So @kjetilkjeka , my understanding is that the following is still your recommendation? :

Yes it is.

More specifically my proposal is to init CRC with something that give us the flexibility to populate void fields at a later point. My proposal is that this should be one of the two following things depending on whether it's valuable to check serialization compatibility dynamically.

  • The compatibility signature defined here
  • A structure only containing namespace + name + major version (minor if major == 0) + default id.

@thirtytwobits
Copy link
Member

What you're against is sending message version number over the wire for every transfer, right?

Yep.

Just remember that the protocol also has to work smoothly with static node IDs.

What if we added a GetNodeCompatibilityInfo service that returned all supported services and datatypes for a given node:

  • A bus master could use this to validate required support from nodes and refuse to become operational if there were incompatibilities detected.
  • We could generate a manifest as an output of the DSDL compiler to make it easy to implement this service.
  • The gui_tool would be able to provide rich compatibility information by inspecting a live bus.

...depending on whether it's valuable to check serialization compatibility dynamically.

For proprietary commercial systems, especially safety-critical systems, determining compatibility statically is ideal but it seems like the UAVCAN ecosystem has different requirements? Specifically, do we want to support the use-case where a new off-the-shelf part is integrated into an existing vehicle system? If so then dynamic compatibility seems like a hard requirement even if that means an initialization-time check rather than a per-message "runtime" check.

@pavel-kirienko
Copy link
Member

I have taken some time to rethink the changes we are discussing starting from the core design goals. I have also taken some time to re-read relevant chapters of the CANopen specification documents to see if there are any pertinent ideas that can be borrowed for our benefit.
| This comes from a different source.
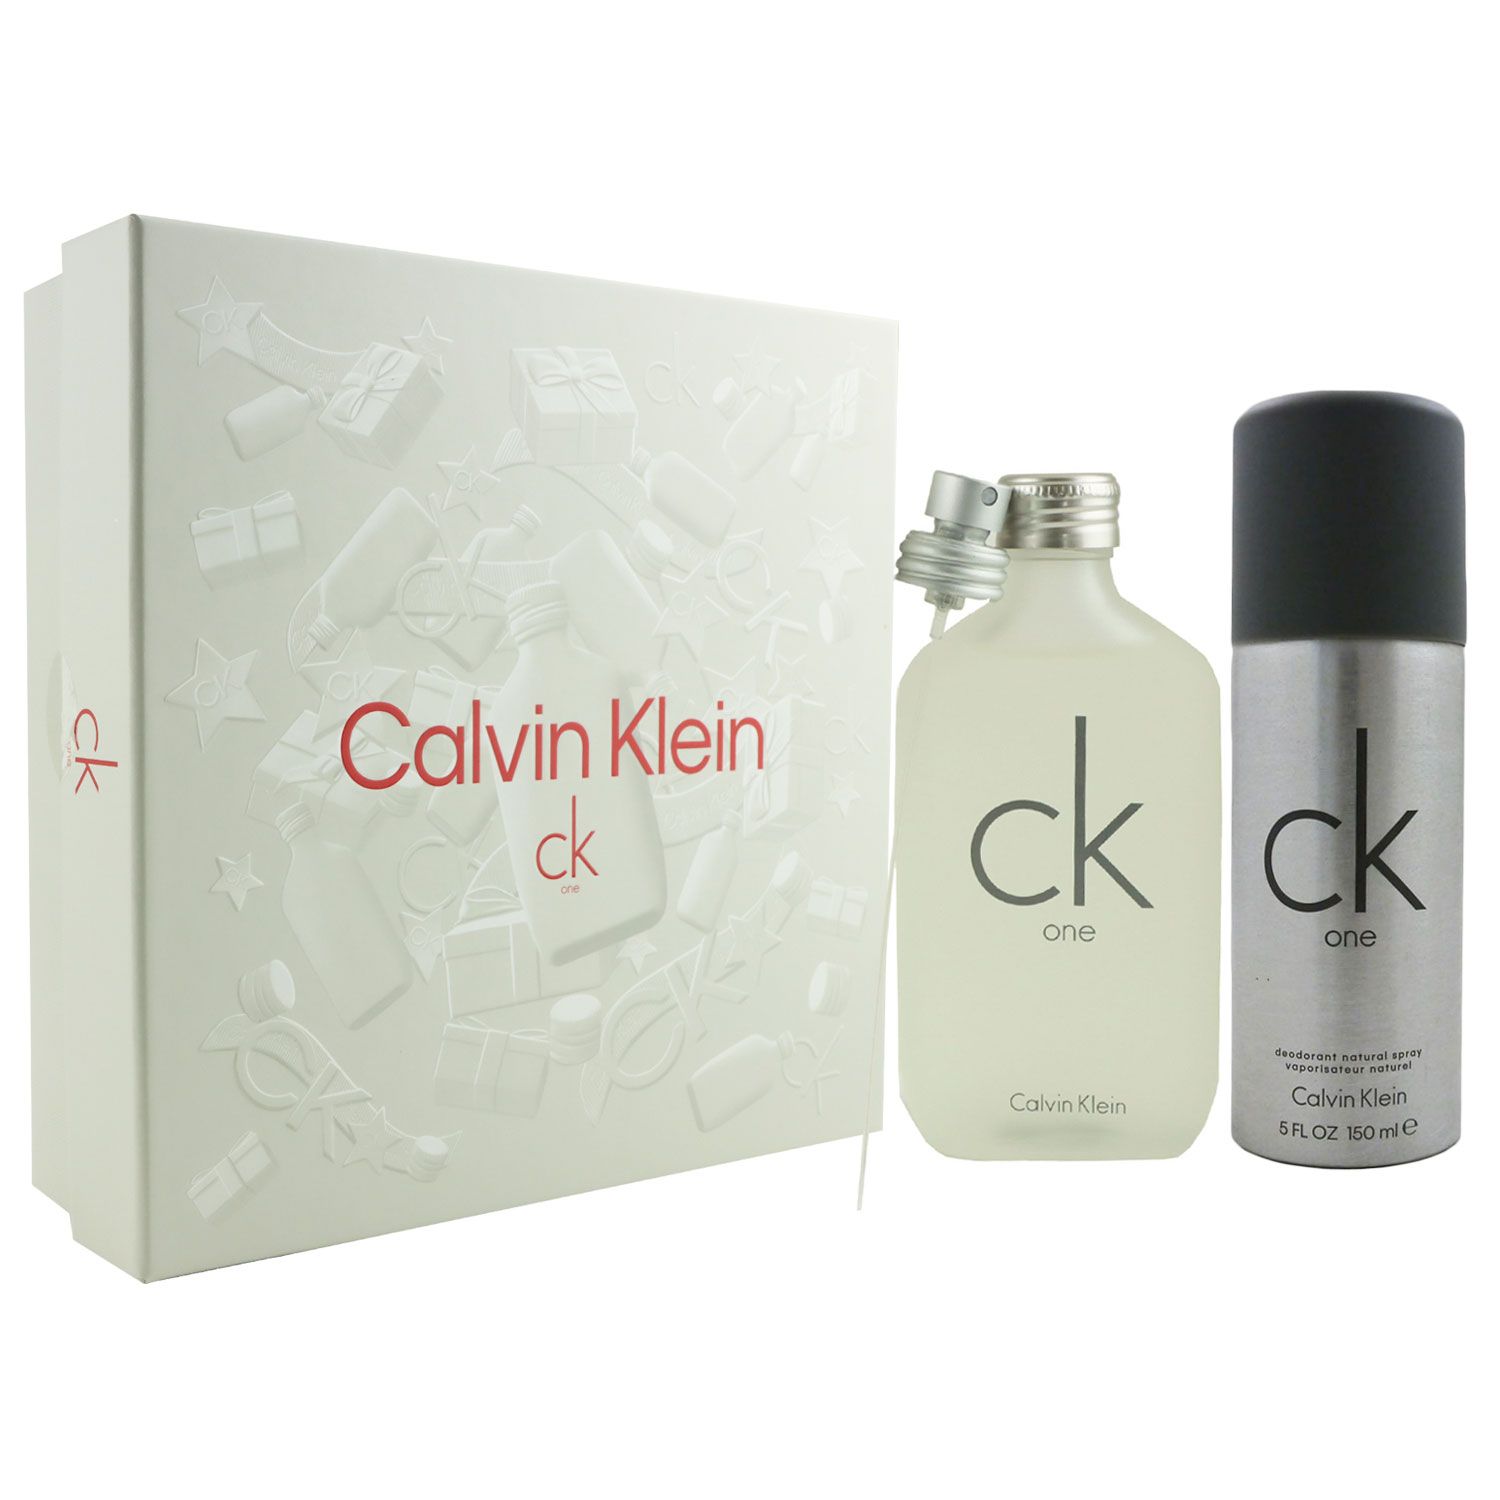 Calvin Klein CK One Set 100 ml EDT & 150 ml Deospray bei Riemax
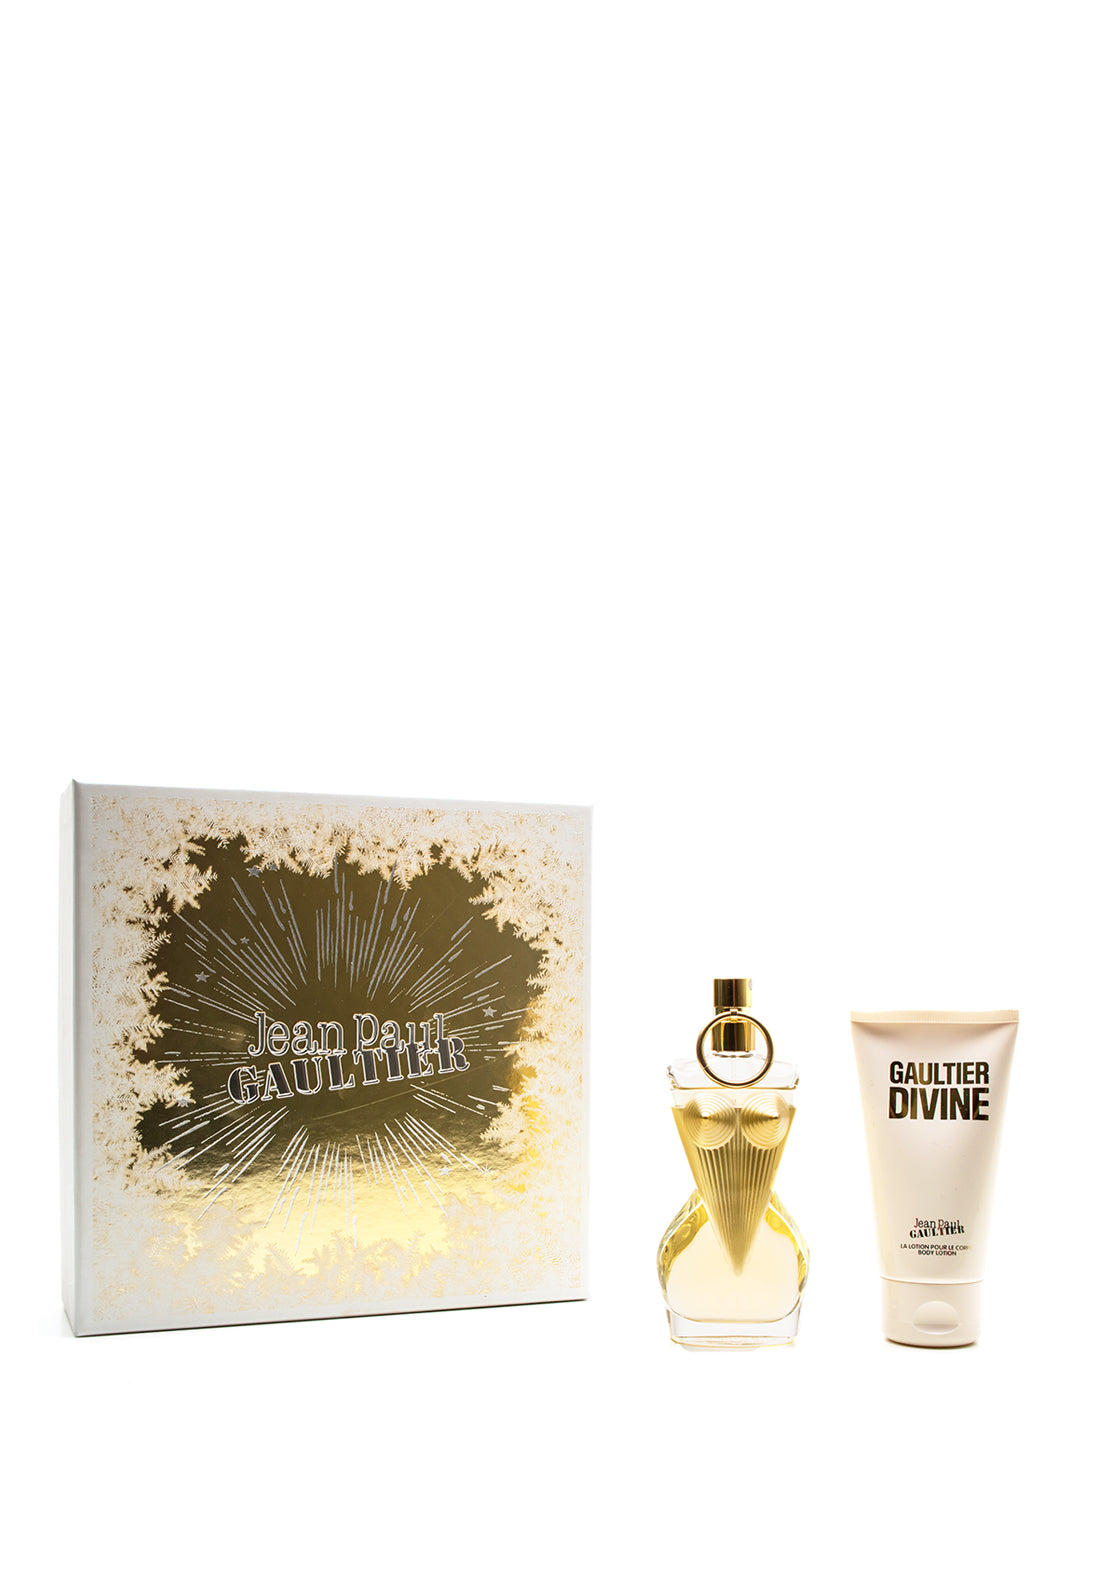 Jean Paul Gaultier Divine Eau De Parfum Gift Set, 50ml

In order to steer this conversation away from dead-end paths, let me say now that any design decisions that focus on bus masters, centralized activities of any kind, or stateful/context-dependent communication go directly against the core design principles of the protocol. As such, things like protocol version negotiation at the time of dynamic node ID allocation, or centralized data type compatibility checking are not going to happen.

In particular, the dynamic node ID allocation feature was developed to accommodate two rather specific use cases - in-field on-vehicle node firmware updates and a plug-and-play capability for simplified design and development workflows. It was understood from the day one that this feature is poorly aligned with the rest of the protocol; I have taken steps to rectify this misalignment by making the dynamic node ID allocation feature decentralized from the start (it is based on a distributed consensus algorithm that allows the network to continue functioning even in the event of a single or dual allocator failure or in the event of undetected network partitioning). Compared to the rest of the specification, the dynamic node ID allocation feature stands out not only due to its centralized nature but also due to its hideous complexity and poor predictability. It is a mistake to think that safety-critical applications mentioned earlier in this discussion are likely to leverage that feature; to the contrary, using existing vehicle networks as a reference, it can be observed that safety-concerned systems tend to avoid variable parameters.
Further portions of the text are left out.